Back in the day we needed aerospace engineers, 10 years later those folks were pumping gas because we had too many. Was that the fault of the education system? I do not think so, I think we try to prepare students for a wide variety of paths and then let them loose on the world.

Also when KR says he has talked to many leaders of industry I wonder which ones and what positions were they looking at. For example - at one point the point is that we need fast acting, quick thinking, multicultural leaders. That does not sound like a software engineer to me, but what do I know. And how many do we need of each type?

Preparing students to follow their dreams is a wonderful aspiration, but as my wife and I know what you dream for is not always what will put bread on the table.

Wednesday, April 6, 2011

We Are Not Everyone

As I slowly read the book I come across part that I then think about. For those who know me that may seem a stretch, thinking is always tough.

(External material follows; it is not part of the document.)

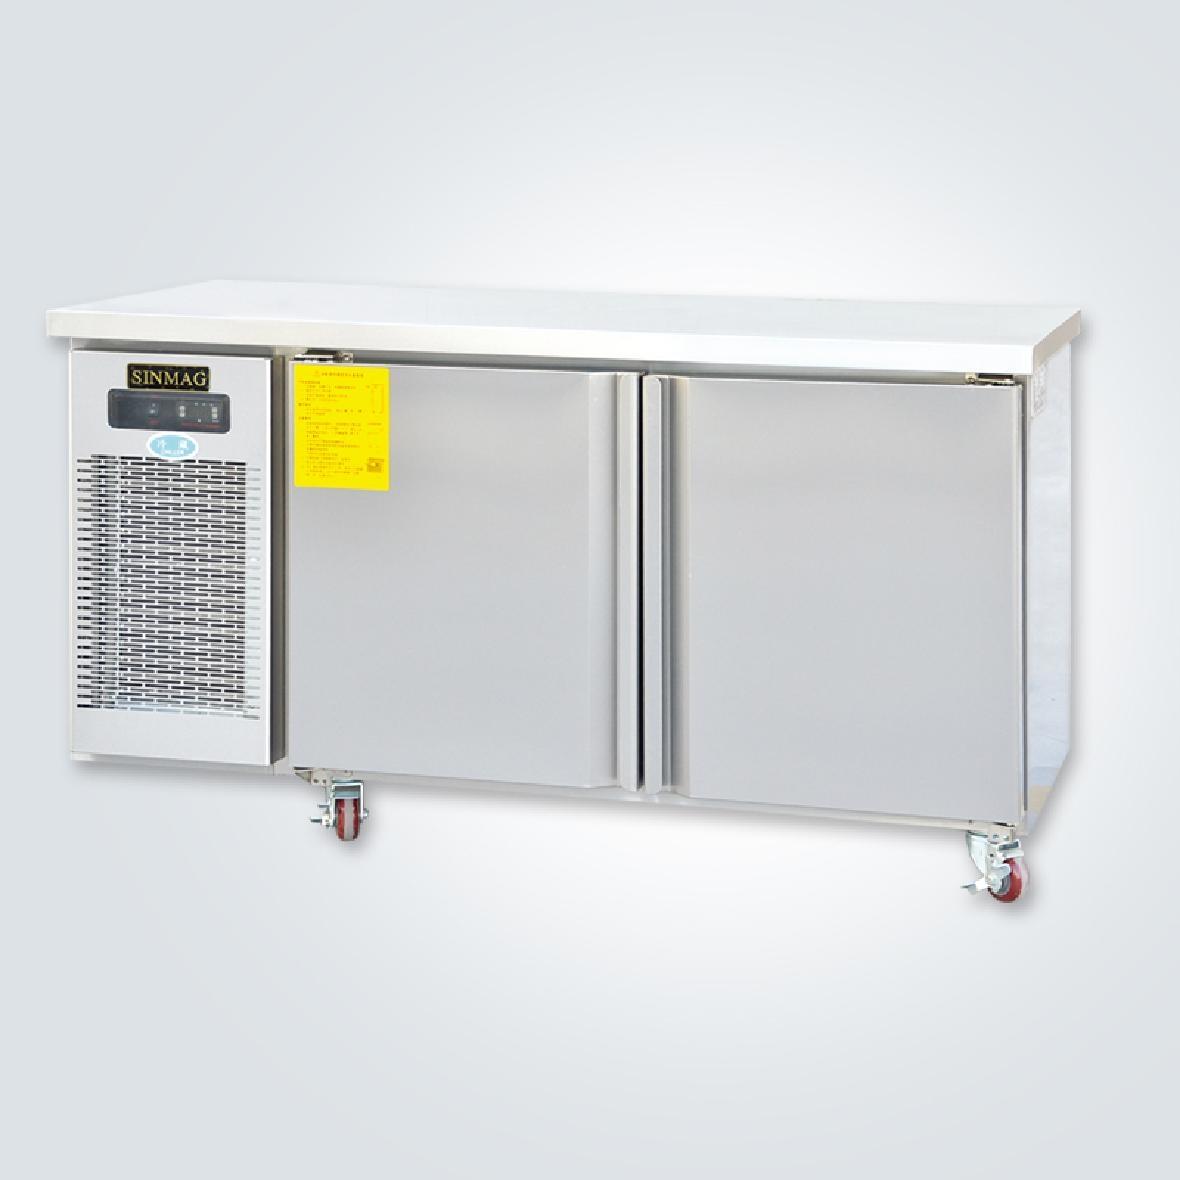 SCT-4W2-Z 二門網架式工作台

The author describes his early life. He said that his father grew up and live his life close to where he was born, but the author had traveled widely and his children had as well. I felt that the author felt that his experiences were the norm. I am a contemporary of the author, he was born in 1950 and I in 1948, his father was born 1914 and my father 1910. My father traveled more than I have and had traveled to Europe at a much younger age than I did and my travels were gifts of my parents.

To say that our personal experiences can be generalized to all is not a good plan. There are those still who are born, grow up and die in the same relatively small area of the world. And I guess I ask what does this have to do with the point of the book in general? A second point the author makes is that change is happening more rapidly than ever before. So? Does this mean that what we teach as "basic" education should change? Sure it should, but the problem is what to teach and what to leave out. If "specialized knowledge" is needed what is the specialized knowledge that we should teach and should we leave out some of the "old" knowledge?

Tuesday, April 5, 2011

First thought of Out of Our Minds

#edbookclub is starting the next round of reading and the choice is Ken Robinson's Our of Our Minds. I have read the first 16 pages so I am barely into it. I keep wondering the balance between creativity and content. On page 6 ( of the edition I got in the USA ) he is talking about new technologies and says "New forms of work rely increasingly on high levels of specialist knowledge, and on creativity and innovation."

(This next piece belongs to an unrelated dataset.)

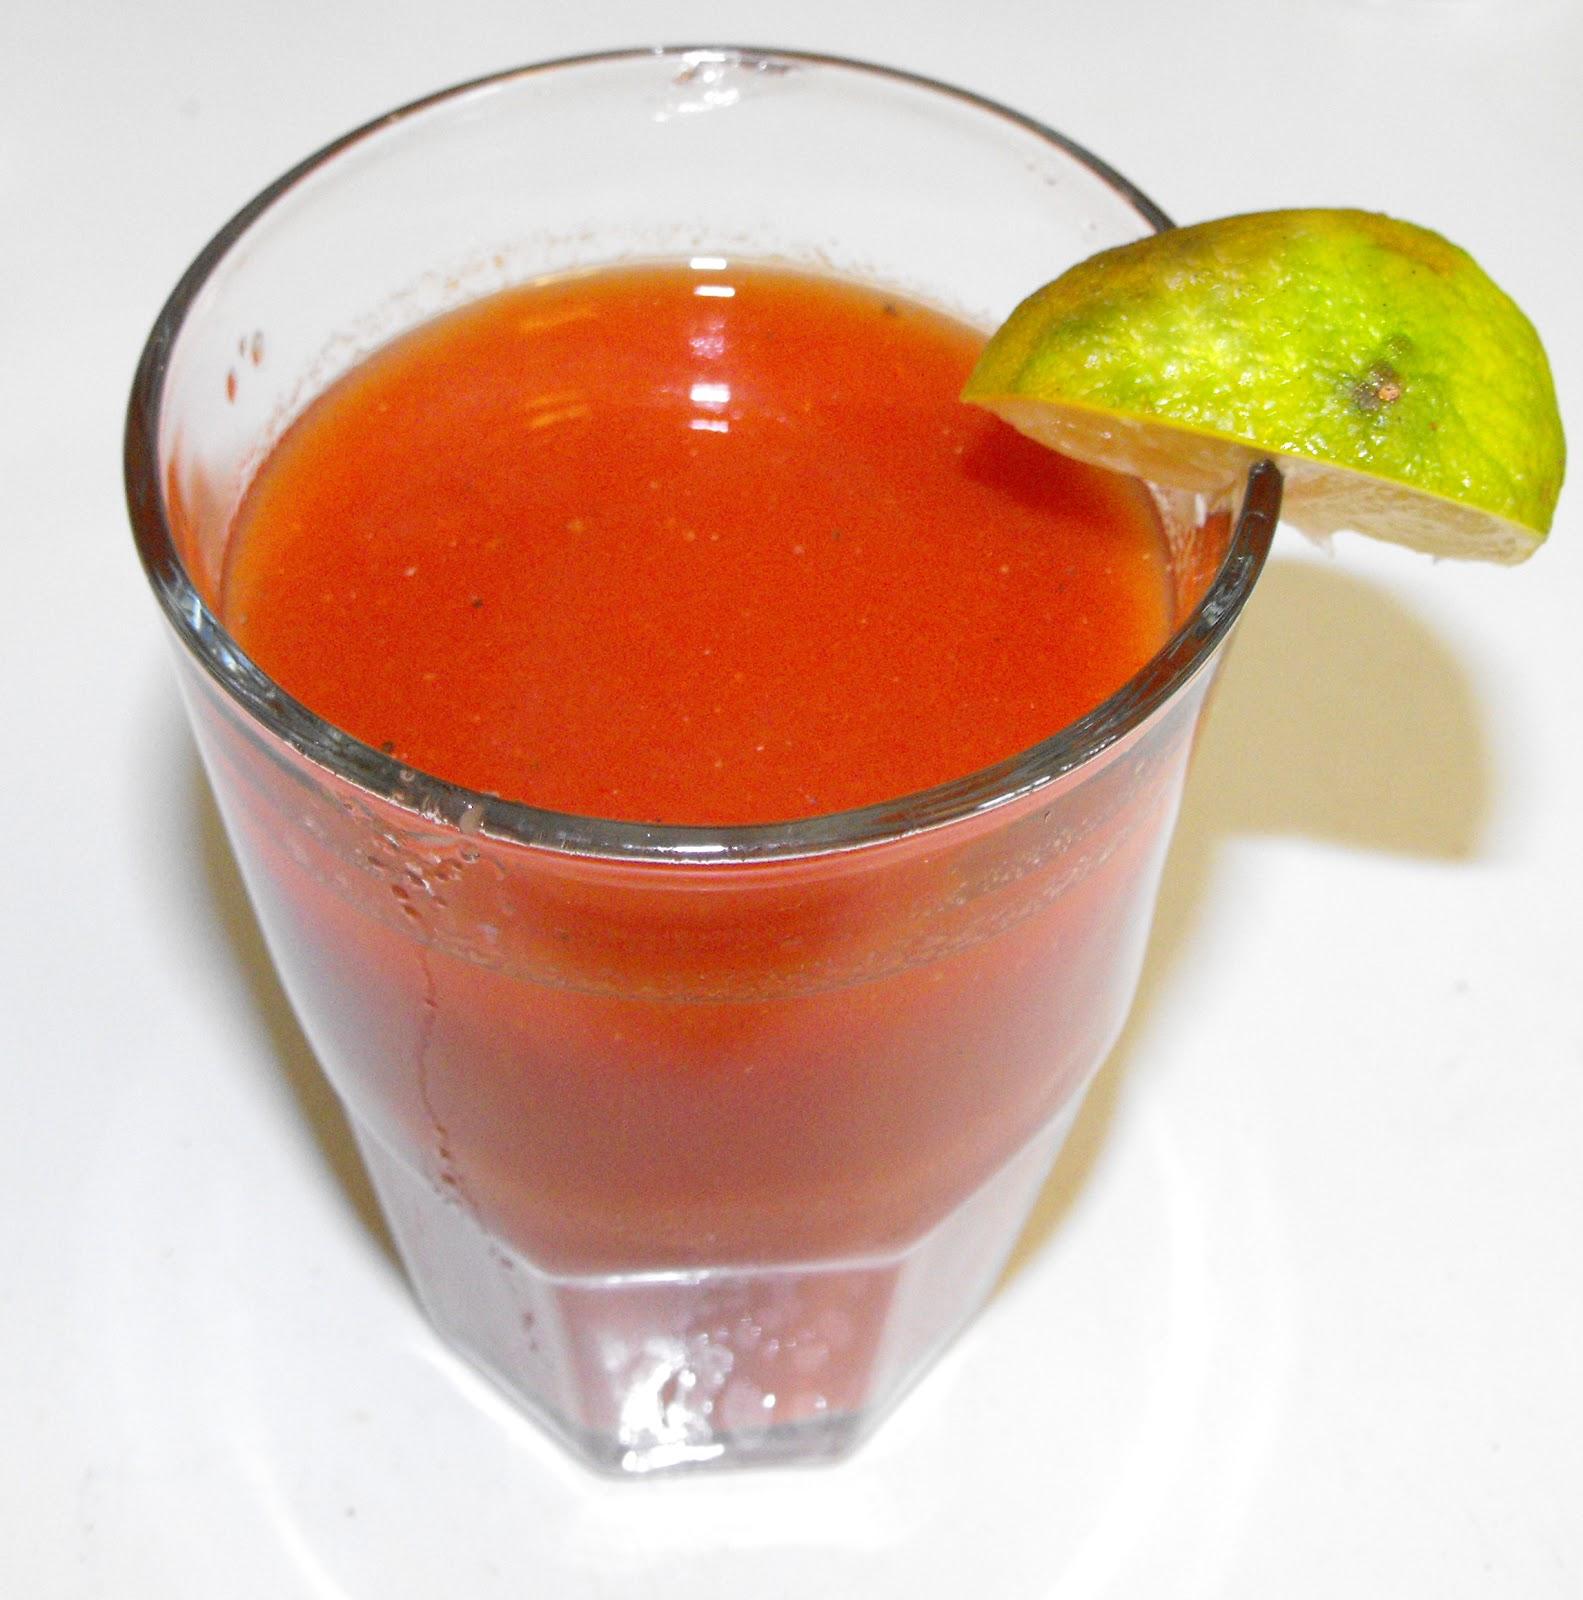 http://2.bp.blogspot.com/-fQWMspuUAfY/UMo6eJj9sUI/AAAAAAAAQic/ML7PPbbeAeY/s1600/cooking+beer+049.JPG
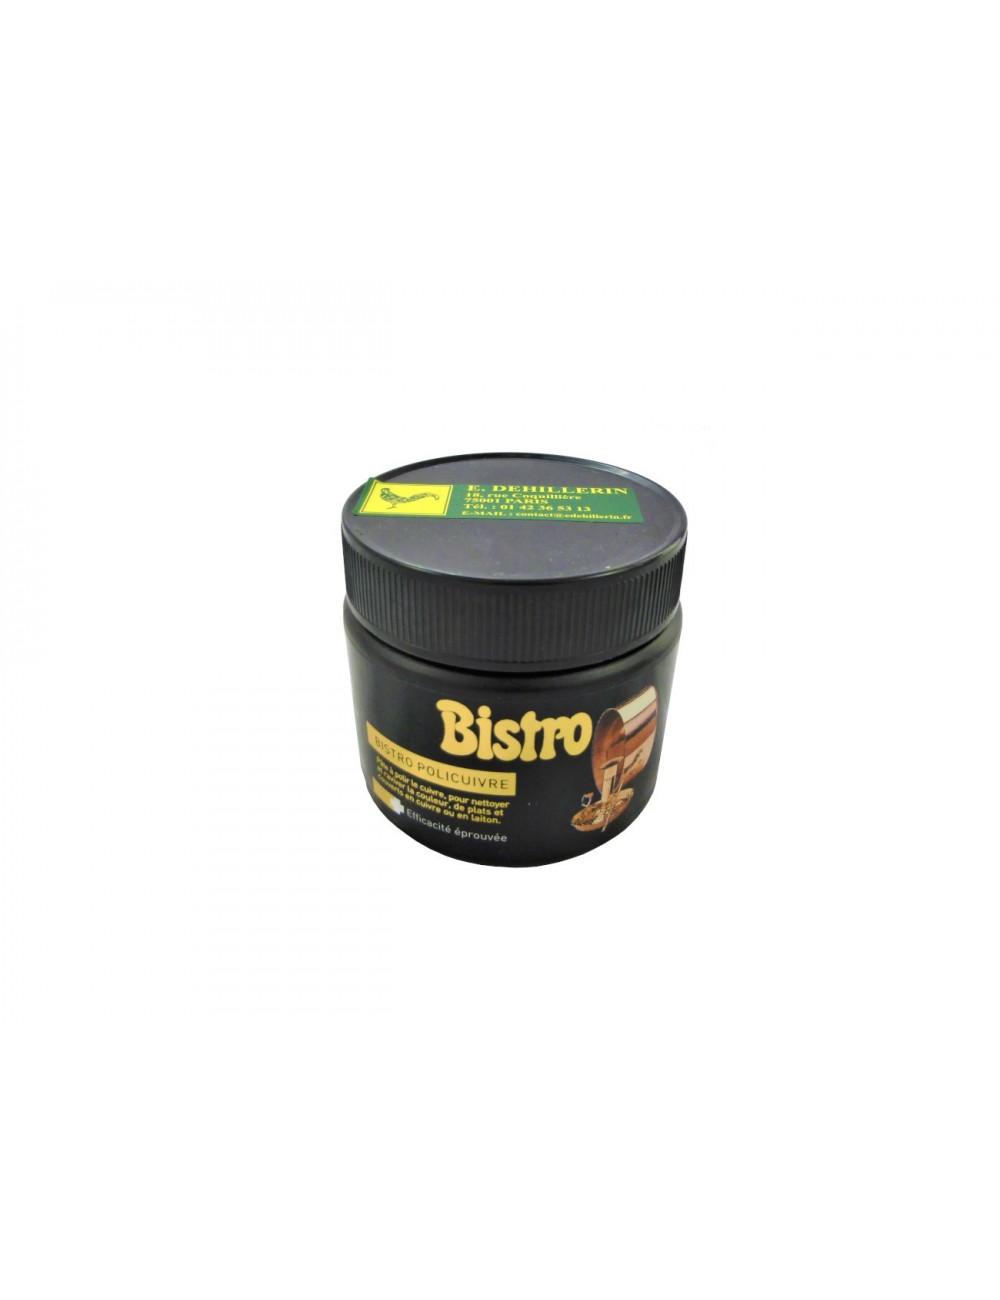 BISTRO COPPER CLEANING CREAM - SMALL SIZE

Is school not the place to learn the specialist knowledge? If so do we lessen the amount of content to put in time for creativity? Also how do we do this? I am full of question and have few answers and will be interested to see what the bookclub think and what is in the book.

As a chemistry teacher I find that my students come to class with little specialist knowledge and that my class is the starting point for their knowledge of chemistry. However it is hard work and students do not like the hard work because it is not fun. I know for myself that my personal learning takes time and effort and is not fun. It is the end result that is fun, the knowledge that I have learned something new, made advances in my own knowledge base and can do something new.